Home preparation is most effectively translated into an advantage on the board when the game proceeds along theoretical lines of an opening until one of the players springs a surprise. This deviation is either a move that has not been played before at all (a novelty) or a side-line that has not been explored too deeply.

At this stage,one player can bank on the results of the extensive analysis of his seconds while the other will have to find solutions to tricky problems over the board. You either run down the clock trying to find the accurate continuation or end up missing the thread altogether,or both.

It is relatively easier to pull off this kind of an ambush as white because the player who makes the first move is in a better position to steer the game in a particular direction. In a crude example,black may have a novelty prepared in response to a popular queen pawn opening,but if white opens with his king pawn,the trap will have to wait.

Looked at from this perspective,the Reti is not the best choice to usher an opponent towards an ambush. The problem in opening with 1. Nf3 is that black may counter in a variety of ways. In fact,the first game may have started out as a Reti,but eventually transposed into a fianchetto-Grunfeld.

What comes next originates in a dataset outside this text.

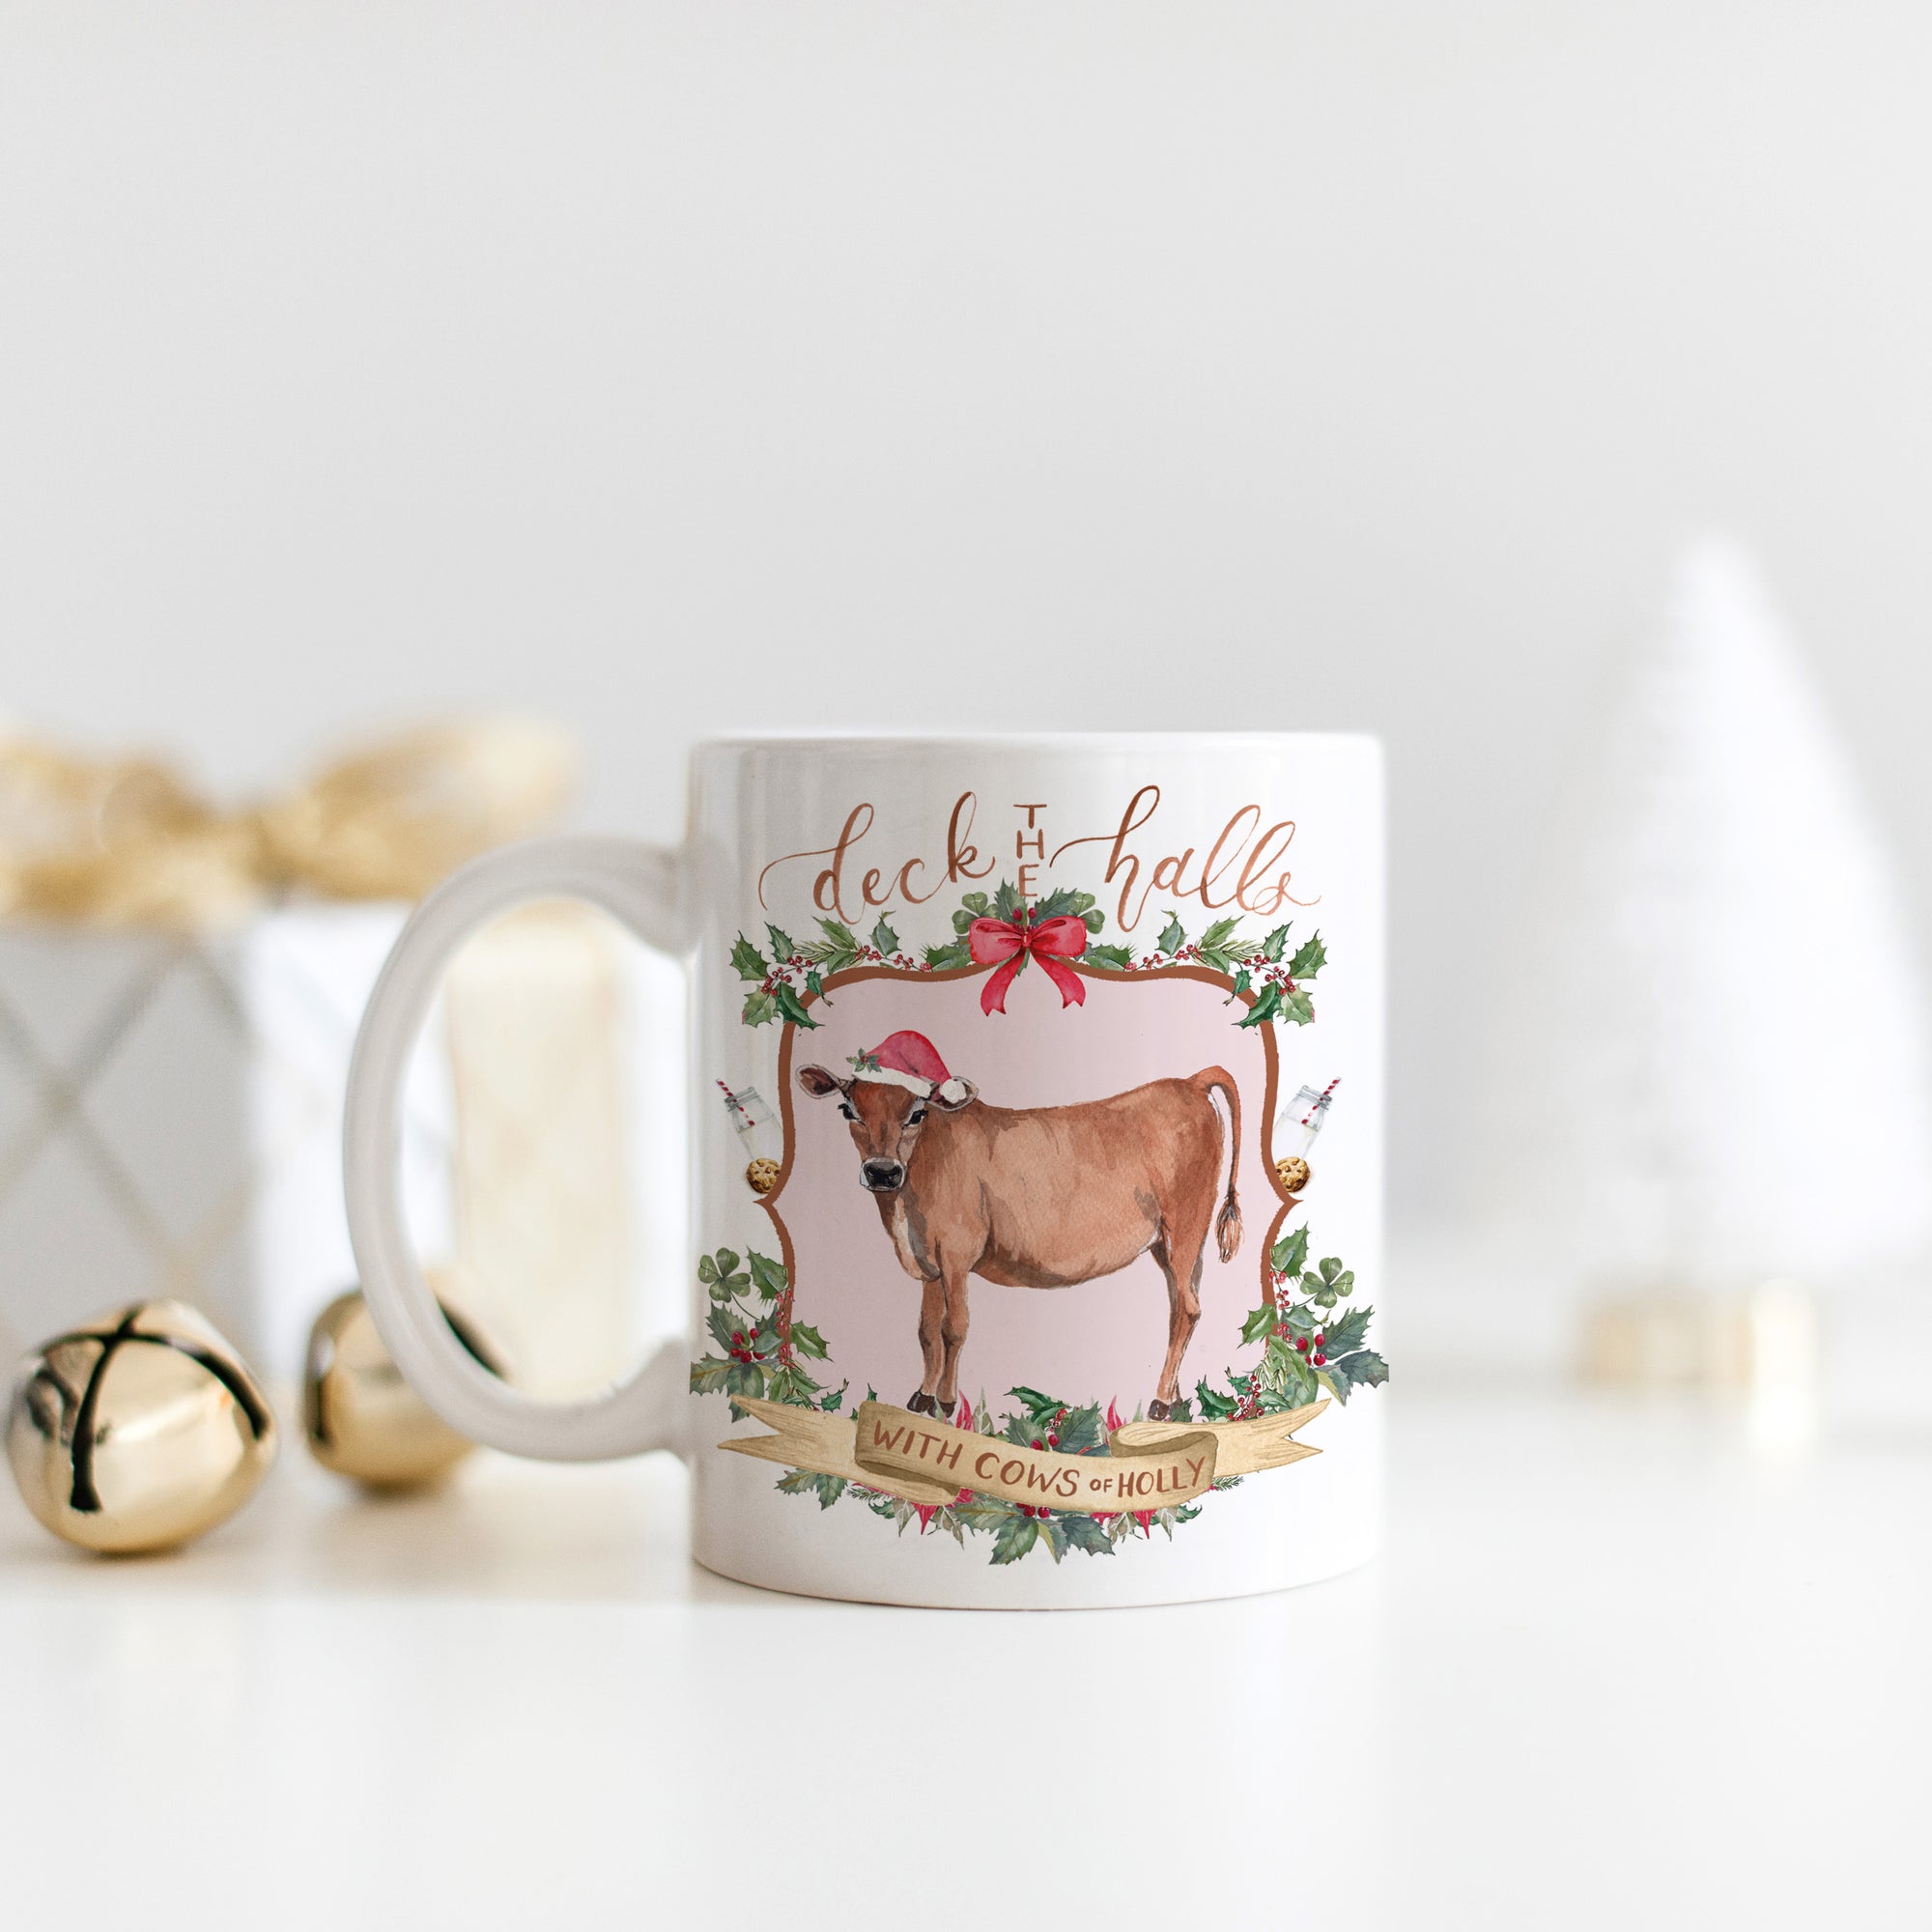 Deck the Halls with Cows of Holly Mug

Carlsen admitted in the post-match press conference that he was hardly in control of the game and wasn’t ready for the game to have developed at the pace that it did. His choice of opening was not a success,but what was it that Carlsen set out to achieve? It may not have been an attempt to trap Anand with his preparation at all.

Instead,he may just have wanted to play the opening like he would the middle game,trying to put his pieces on their best squares and see how Anand would respond to an unusual first move. Anand’s years of opening preparation and an intuitive understanding of the early phase of the game came through as he levelled the position fast. The game ended in a 16-move draw.

Game two

Anand opted for 1. e4,changing-up from the queen pawn opening he has almost exclusively employed across three title defenses from 2008. This alteration,though,was expected. Also,each player in a championship match has at least a couple of responses prepared for both the king and queen pawn openings. What was of interest then,was not that Anand switched back to the king pawn opening,but how Carlsen would respond.

The move 1… e5 is black’s most common response to the king pawn opening while 1… c5 (leading to the Sicilian system,considered black’s sharpest reply) is also tried frequently. Instead,Carlsen went for the relatively uncommon but respected Caro Kann (1… c6).

It was an interesting choice for a couple of reasons. Firstly,Carlsen has rarely employed the Caro Kann. Secondly,and more tellingly,Anand has played on either side of the Caro Kann many times,most recently during a 32-move win over Ding Liren with white at the Alekhine memorial earlier this year. Put the two together and you can see how it was a smart move on Carlsen’s part.

The Caro Kann caught Anand by surprise. Carlsen’s seconds have no doubt put the engines to good use studying the opening,and considering they have a big enough database of Anand’s Caro Kann games to work with,they must have come up with a concrete set of ideas. Also,if Carlsen had played an opening that Anand was completely unused to,the Indian would have been too wary to attempt anything sharp and their preparation would have gone waste. Anand,a championship veteran,sniffed danger just as the position got critical. He traded queens and settled for a draw in 67 minutes.

Looking ahead

While Carlsen is unlikely to repeat the unorthodox 1. Nf3 in game three,the Caro Kann might be revisited some time in the championship. Anand’s seconds will have to come up with enough to convince him that he could play the sharp lines without getting ambushed,but that may require time.

Three days (Anand last played white on the 10th and will do so again on Wednesday) may be too little time for that,and moreover,the team will also have to help the Indian hold with black in the intervening game on Tuesday. It is uncertain if Carlsen will get back to 1. e4 for game three,but what is for sure is that he has shown a fair bit of guile at this early stage despite a lot being made of his inexperience in matchplay.